There is an interesting article, Barker(2007)1 that deals with this issue. He gives 2 main factors which affect the value of learning a vocabulary word: the cost and the benefit. His approach is meant for individual learners who are selecting which words to learn. Obviously in coursebooks and so on, decisions need to be made for a more general audience, but the more specific the audience, the more personalized the vocabulary can be chosen. Vocabulary can be chosen based on cost and benefit.

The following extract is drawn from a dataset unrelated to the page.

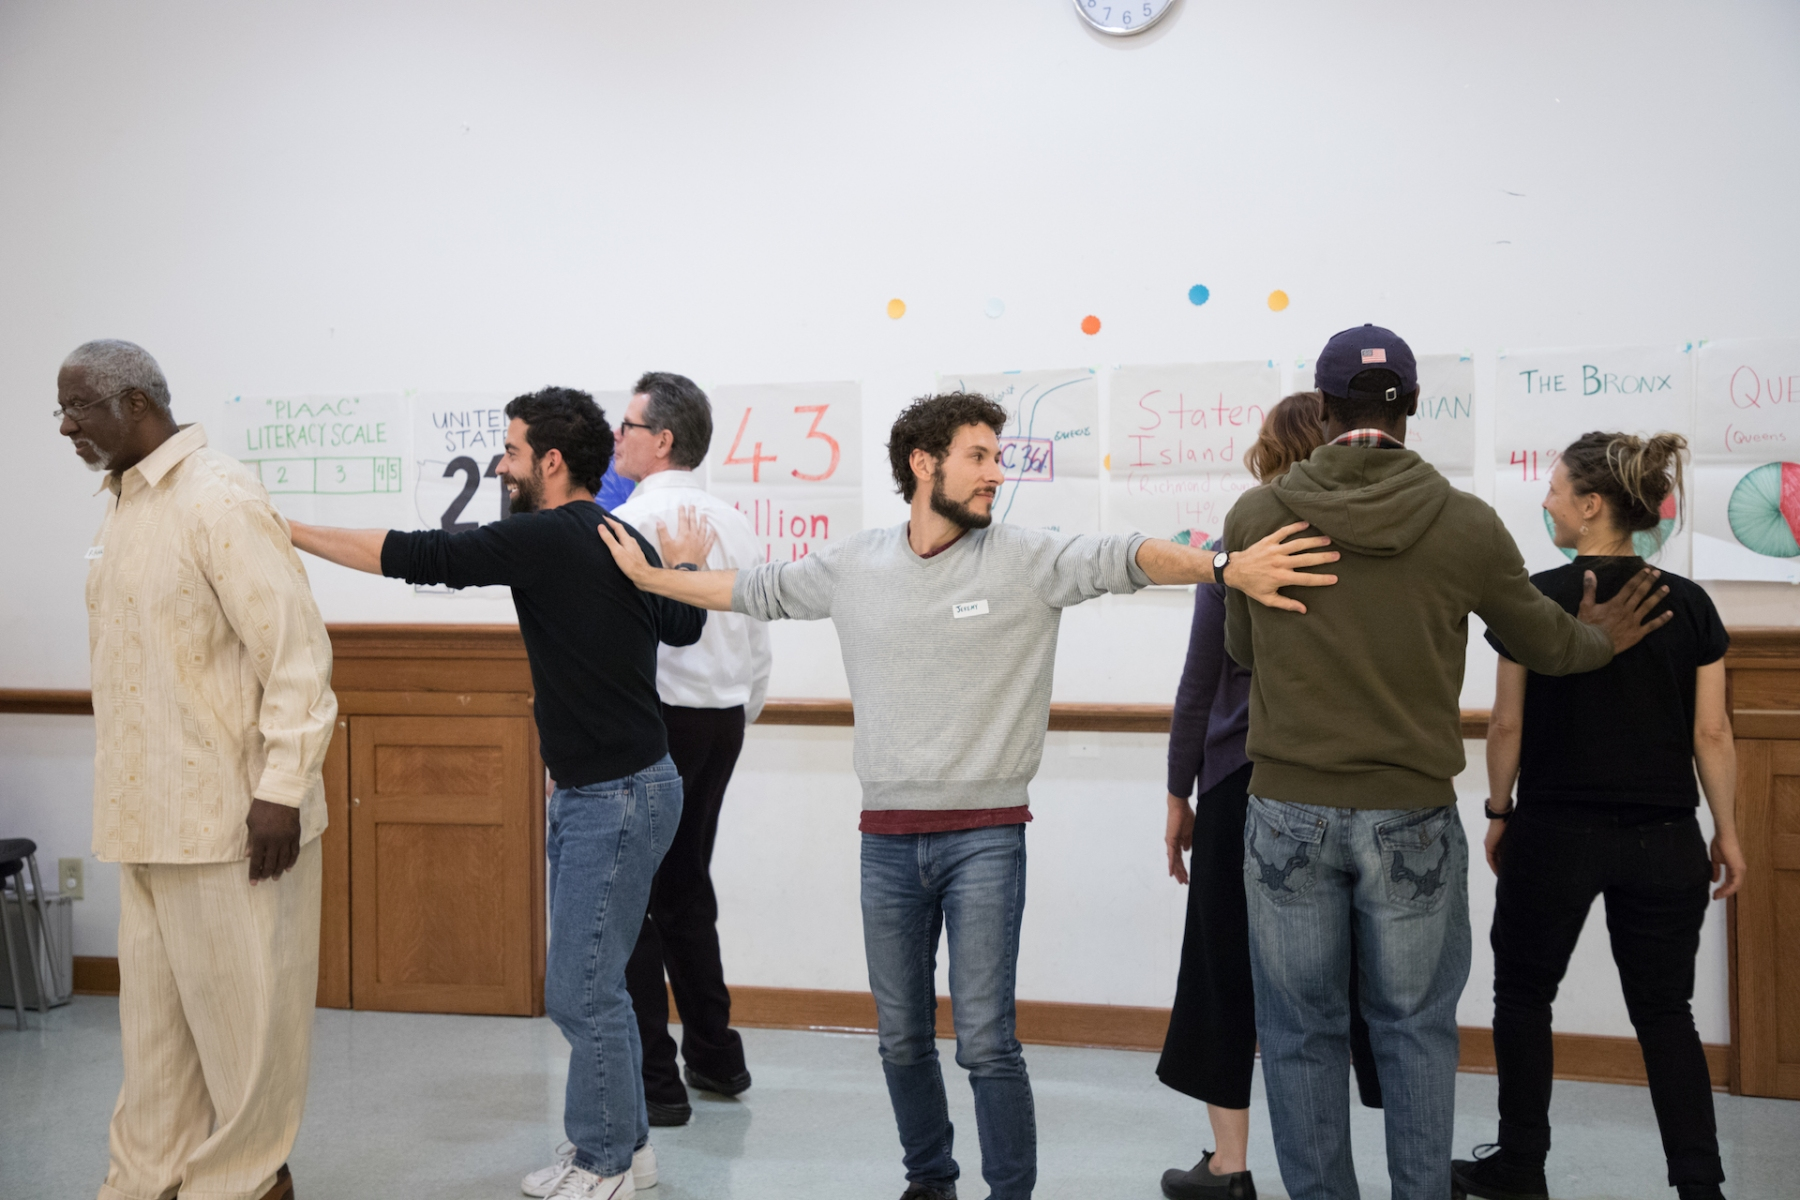 Workshop photo by Ashley East

Here is a rough summary of what is meant by 'cost' and 'benefit':

  1. Cost

    • Familiarity: If you are familiar with the word (have seen it before, recognize the form, etc.) then it will cost less to learn, that is, it will be more easily and quickly learnt

    • Pronounceability: If you cannot pronounce the word, it will be harder to learn

    • Relatability: If you can relate the word or connect it to other words you already know, it will be easier to learn

    • Personalizability: If you can 'personalize' the word, it will be easier to learn

  2. Benefit

    • Frequency: Higher frequency vocabulary is more beneficial to learn

    • Relevance: If you have a special reason for learning the word, or it is connected to your interests / field of study / job / etc., it is more beneficial to learn

    • Immediate need: If this word is needed for immediate use, it is more beneficial. This would include some survival terms if someone is going to travel, or words related to a text / conversation topic which will be dealt with in class very soon.

1 Barker, David (2007). A personalized approach to analyzing ‘cost’ and ‘benefit’ in vocabulary selection. System, 35(4), 523-533. (Available behind a paywall).